Egon shrugs, but he provides her with the coordinates. “To me it looked like any other spot among the junk.” The raiders needed to use a crane to transfer the artifact onto the receiver’s sled, and then the Moebius people took it inside the debris pile. “Their fancily dressed boss was talking down to the techs, telling them they could ‘play with their toy later.’ I don’t think they’re going to keep it here on Dead Man’s Rock too long,” Egon adds.
Imogen shows Egon the Xel’naga detector she built based on the research findings he shared with her at their last meeting. He is fascinated by it. She points it down through the deck, hoping to be able to tell if the artifact is still in the same general part of the planet as the coordinates Egon gave her. After Imogen does the initial scan, Egon helps her retune it so they can try again. The signal down on the planet is far too weak, so Egon gets out some cables to hook the detector up to Hyperion.
As they juggle the device and leads, Imogen touches a live wire, shocking herself into the readings. She discovers that she can psionically interface with the detector, amplifying its ability and pulling awareness from it. The Xel’naga artifact is indeed still where Egon and Jimmy left it. Even with that knowledge, though, Imogen does not break her connection with the detector. She pushes it further, trying to analyze the artifact with the psychometry technique Selendis taught her. She gets a dim view of the space in which the object now sits, a ruined storeroom that once served as a hold on a ship. And she sees the artifact’s current owner. He is in fancier clothes than she has ever noticed him wearing, but she should not be surprised. Jefferson Duke did once tell her that this man’s family was “a big deal.” It is Norm, the intern she and Lilly pushed all their paperwork at back in their FRAWD days. Now, though, he wears an ambitious smirk, not the vaguely friendly expression she remembers from the office.

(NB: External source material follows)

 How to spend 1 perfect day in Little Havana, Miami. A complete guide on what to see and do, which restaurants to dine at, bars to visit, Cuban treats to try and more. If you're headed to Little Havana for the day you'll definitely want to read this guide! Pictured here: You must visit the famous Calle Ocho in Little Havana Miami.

“Imogen? Are you okay?” Egon asks tentatively.
“Aye,” she replies, slowly drawing her mind back to her surroundings.
“It looks like it worked,” Egon says happily, pointing at a monitor. “It’s still at the same coordinates.”

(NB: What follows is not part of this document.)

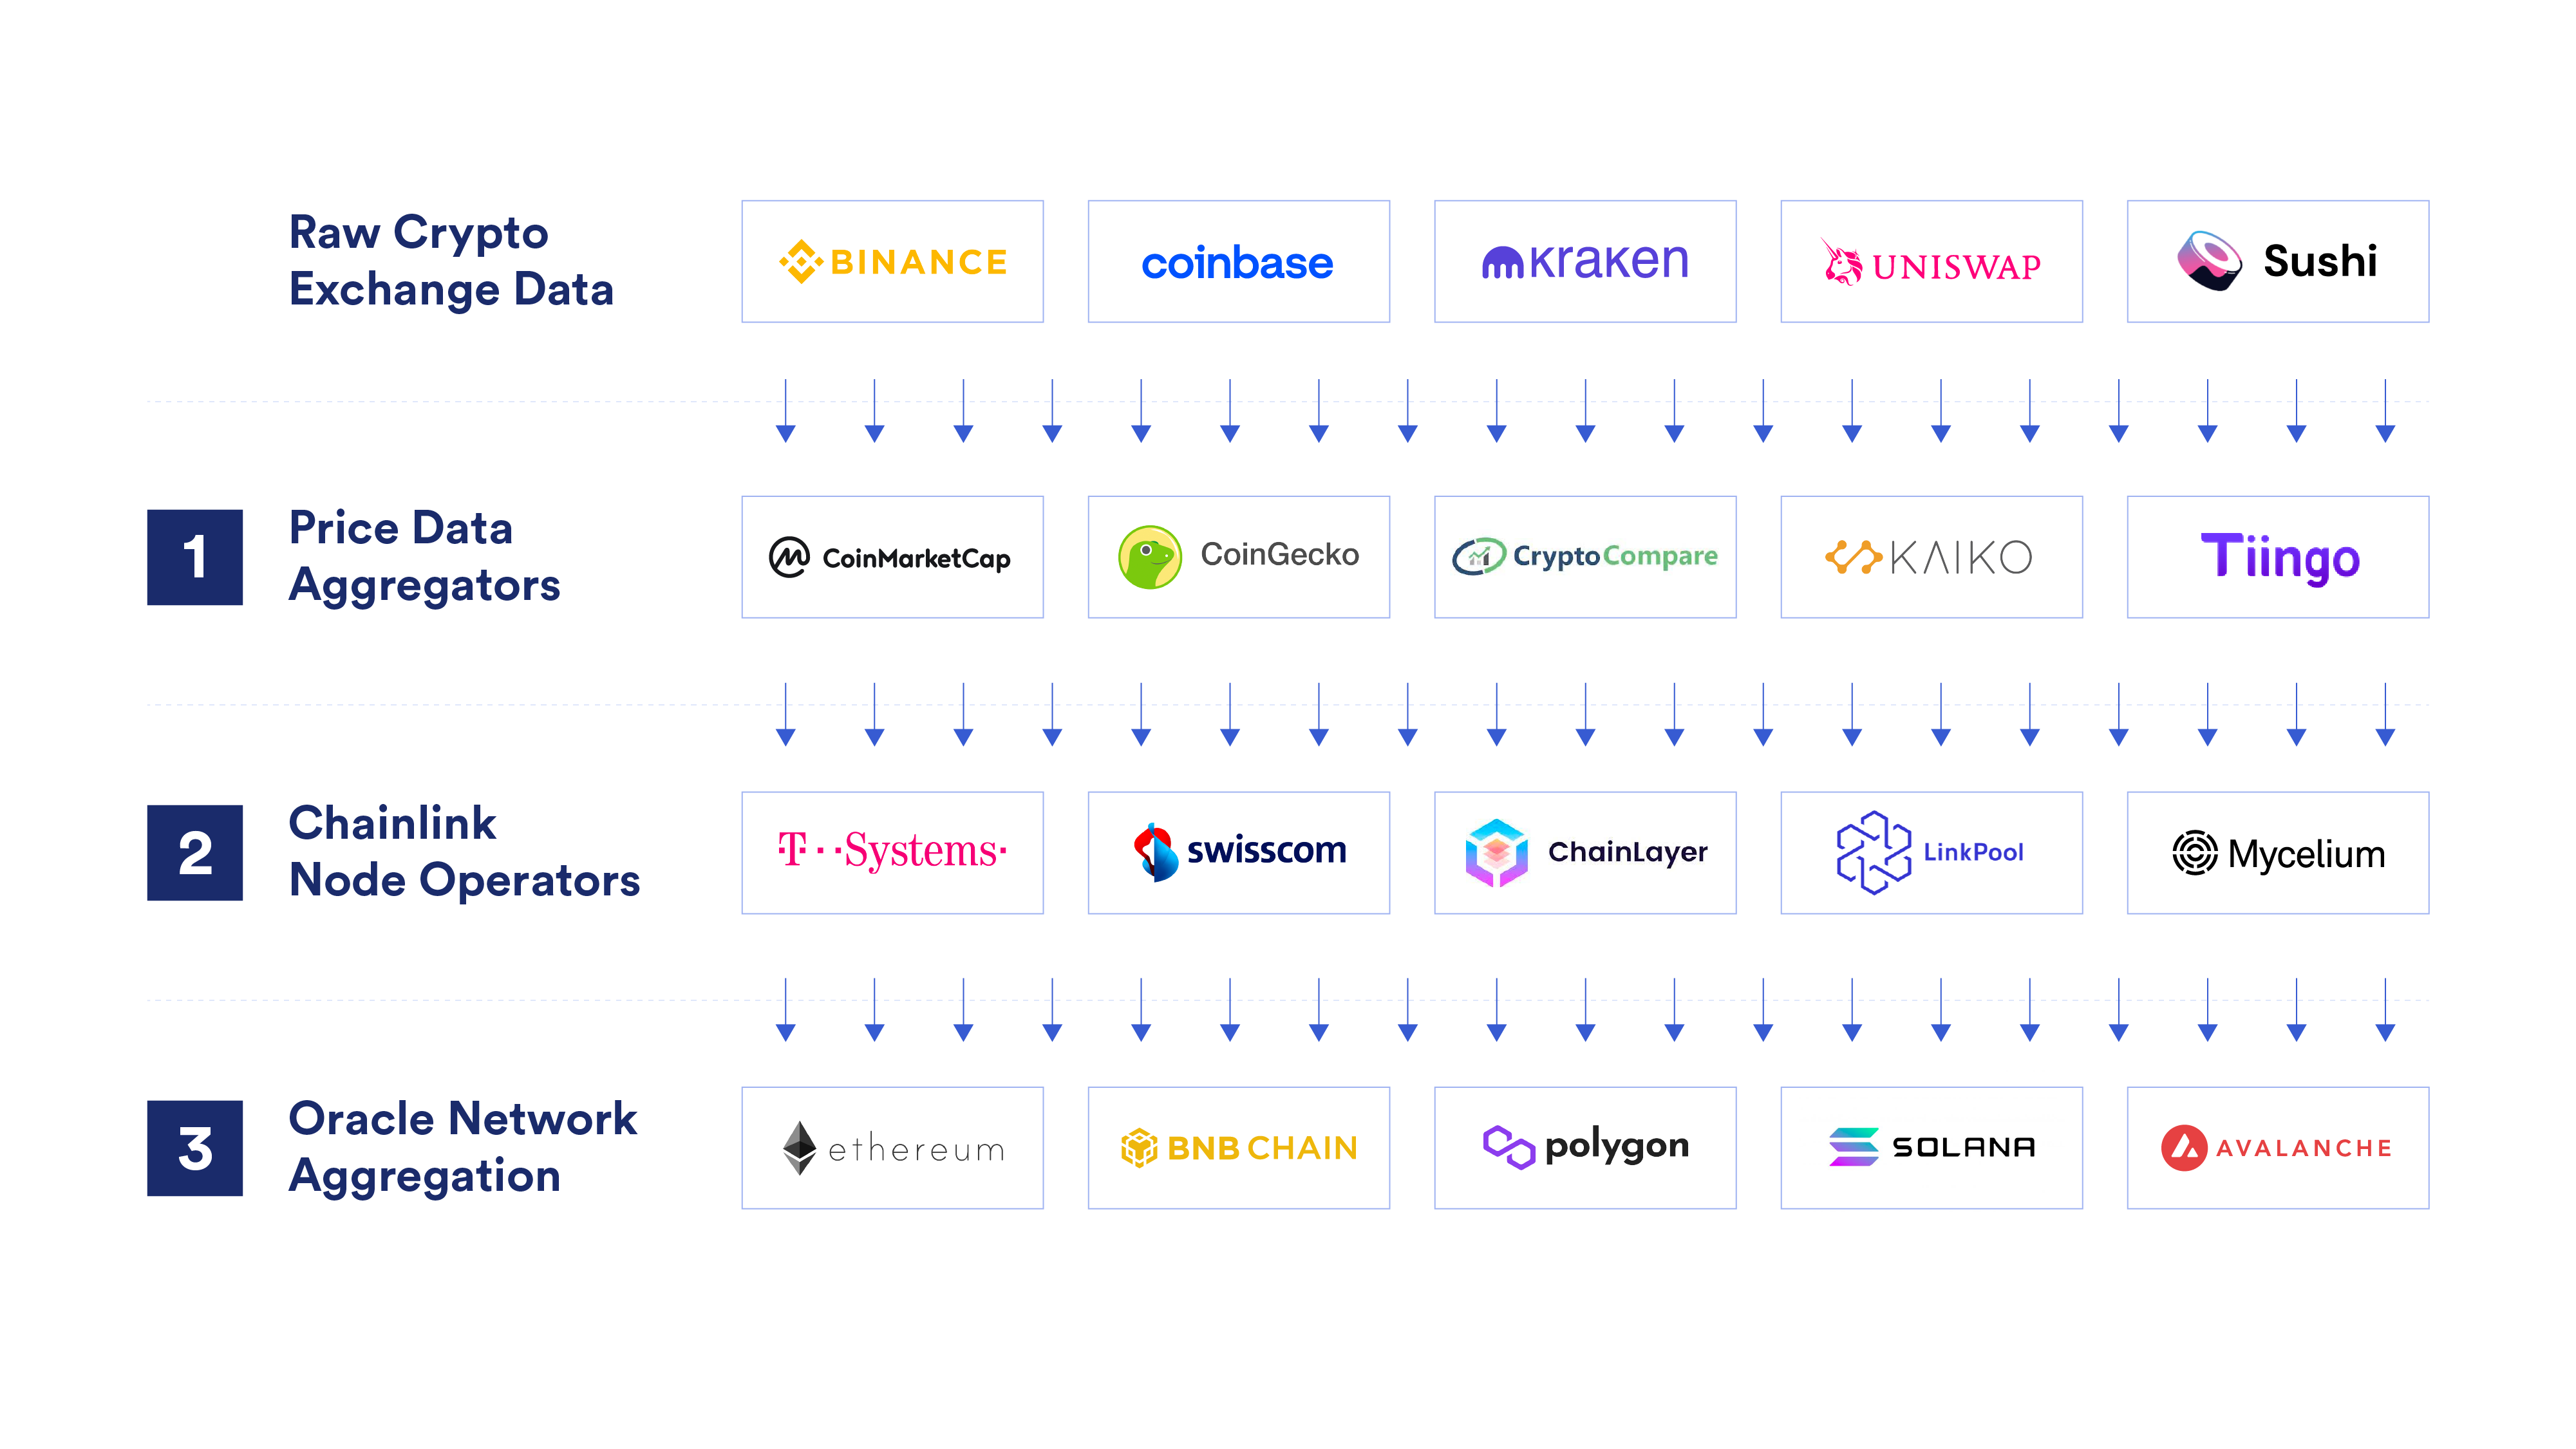 The data aggregation pipeline of Chainlink Price Feeds

“Aye, aye, it is,” Imogen confirms from her own psionic understanding. Then, shifting gears, she announces, “I need your help with something.”
“Sure! What do you need?”
“I have some sweet tech for you if you help me with this,” she says, going over to the pile of equipment she brought to the lab. “This UED ship-cloaking unit is for you.”
“Interesting!”
“But what I need help with is this communications device.” She holds up the spear-like object.

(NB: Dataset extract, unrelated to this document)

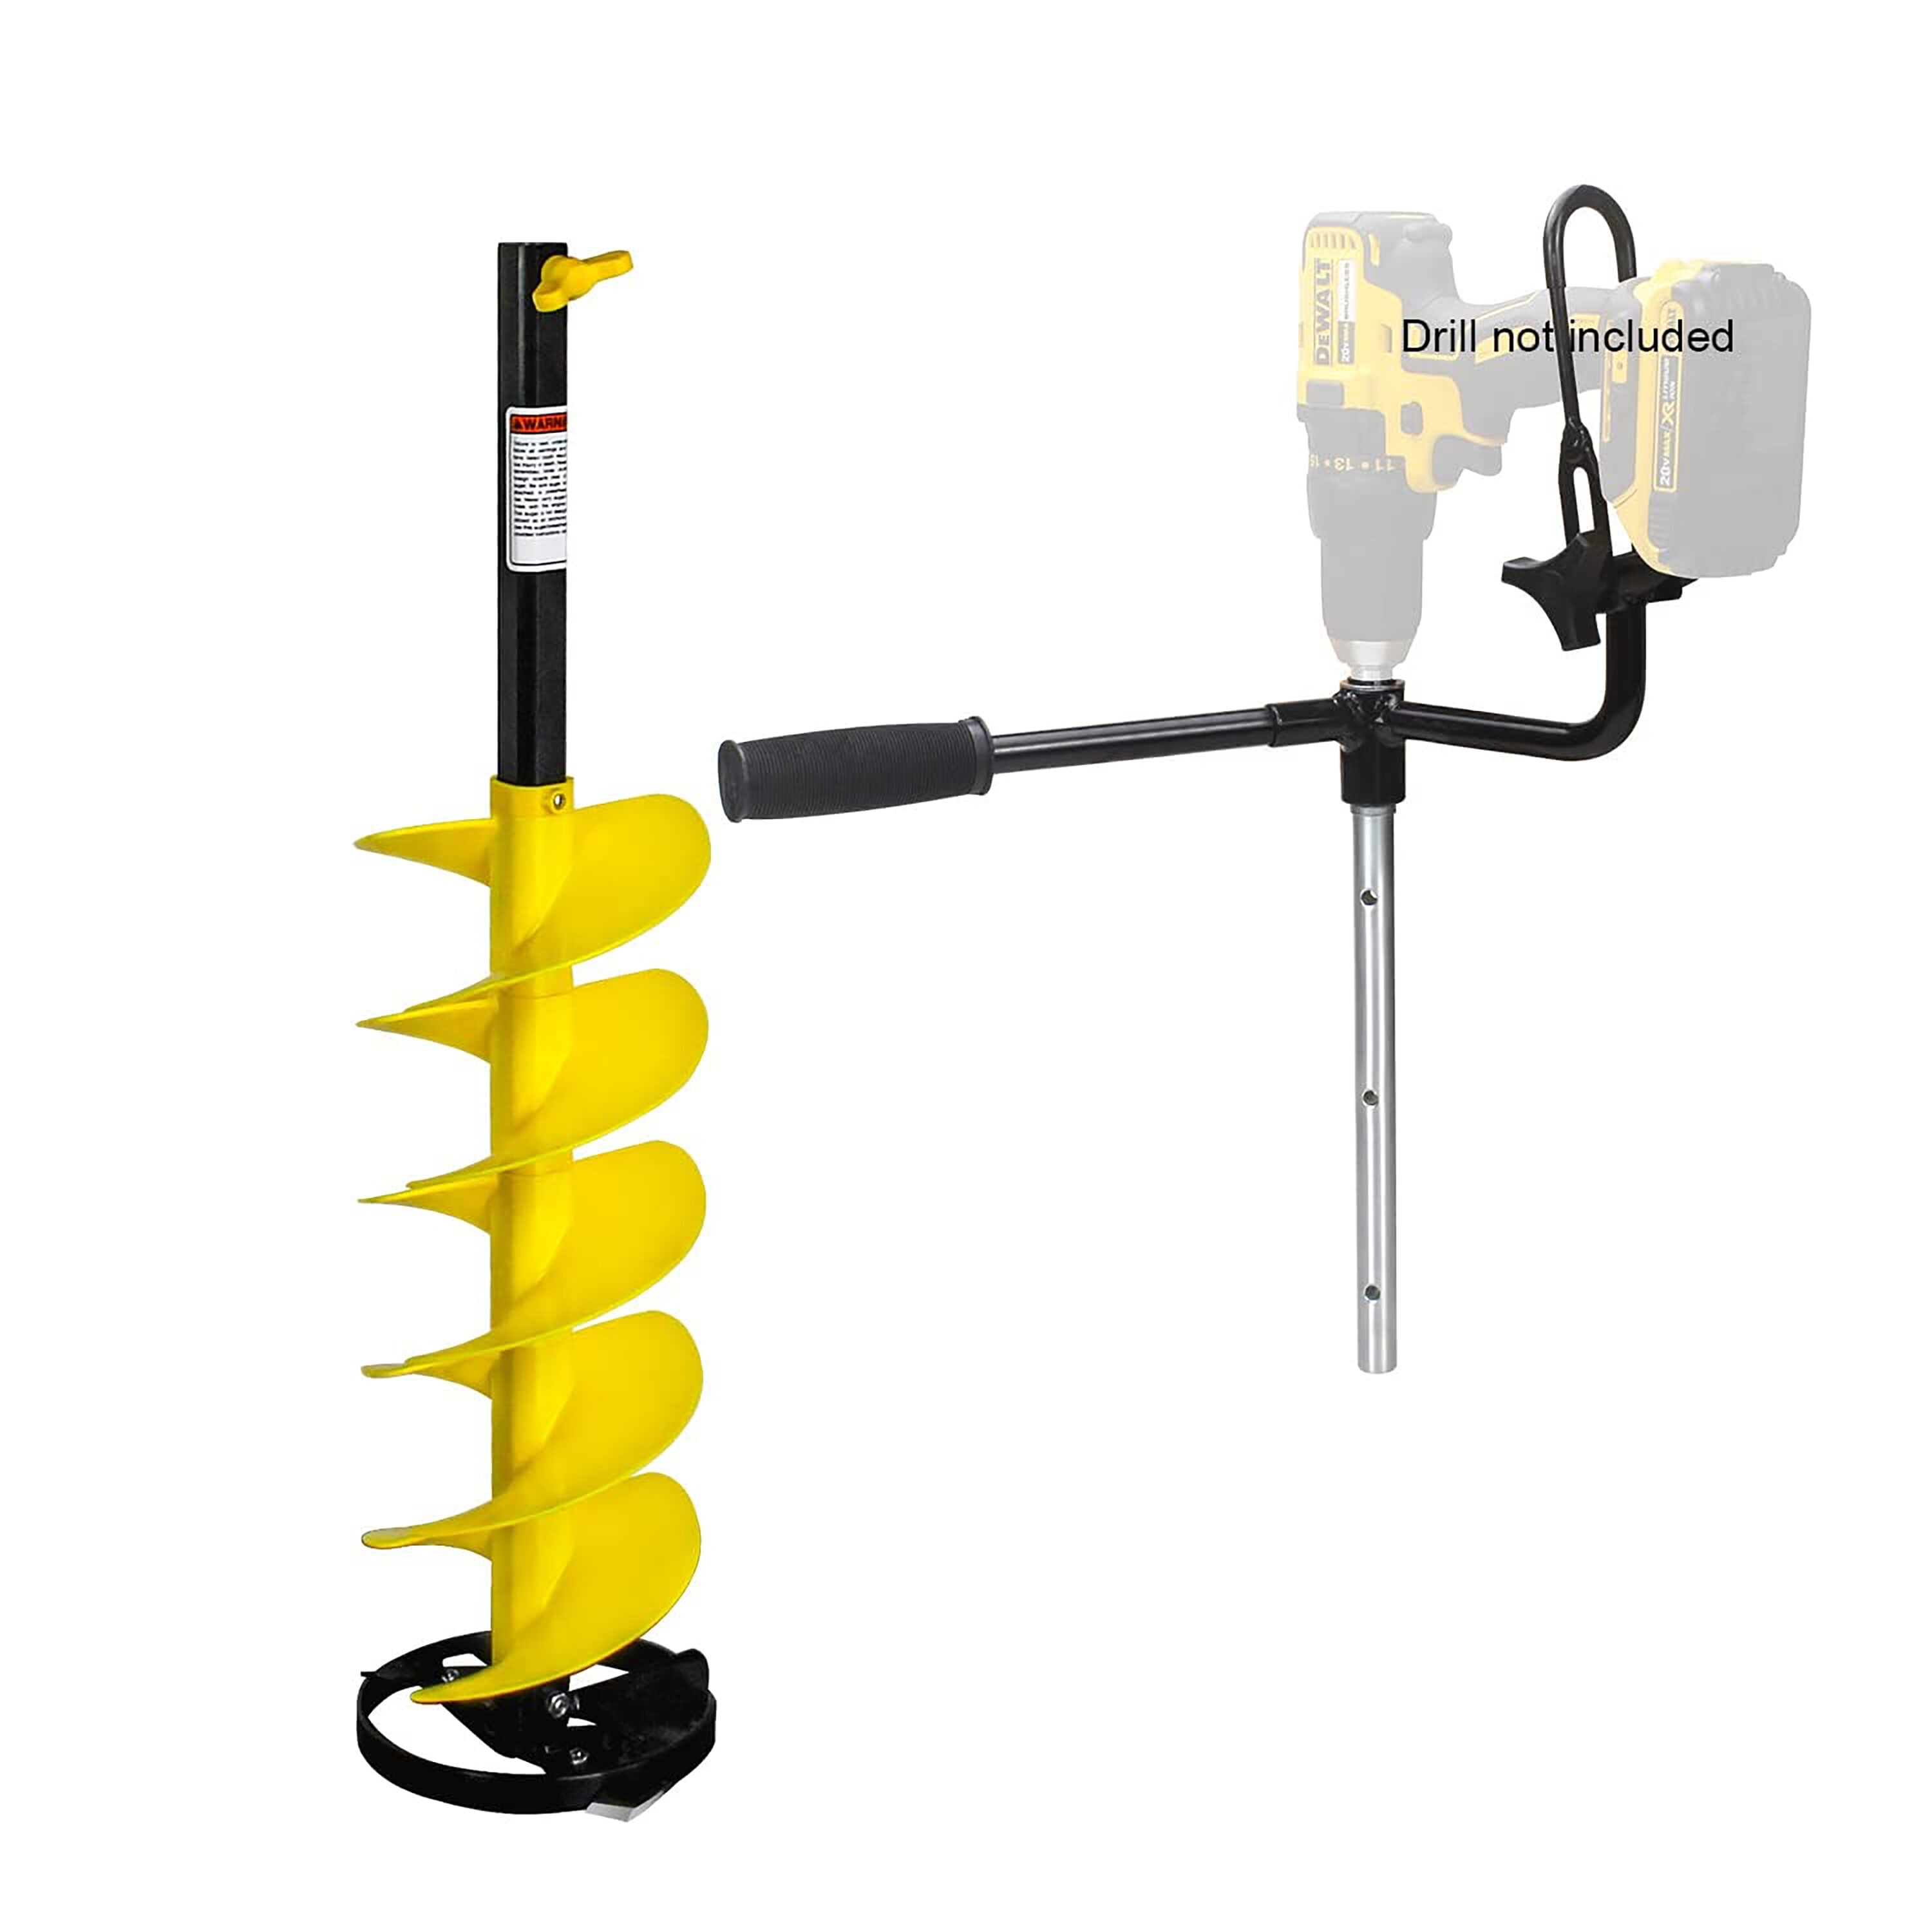 ThunderBay Ice Auger 8-in Ice Auger Bit at

“Ah! A UED long-range transmitter! You ripped all this out of a ship?”
“Aye. I need to be able to send a message with that.”
“I can give you some tips, I guess. But you’re going to need a crazy amount of energy… oh. That’s why you want the artifact.” Imogen nods. Egon smiles back, pleased to have worked that out. But then he gives an awkward laugh, as there is a catch. “Uh, I don’t think anyone has wires strong enough to hold that kind of energy. When you go to power that transmitter, you need to attach it to the top of the artifact itself—as directly as you can.” There is an inherent directionality to the artifact, requiring the transmitter to go on its very top, not just touch it at some conveniently lower position. He provides additional insight into how to set up the transmitter and arrange the broadcast. Together they slap together the necessary interface.
When Imogen meets back up with Lilly at Saffron, they craft the actual message warning the UED to stay away from the Koprulu Sector. They make sure to include an appropriate header, including the odd date formatting used back on Earth. This lends additional verisimilitude so that the recipient will believe it truly came from a UED operative.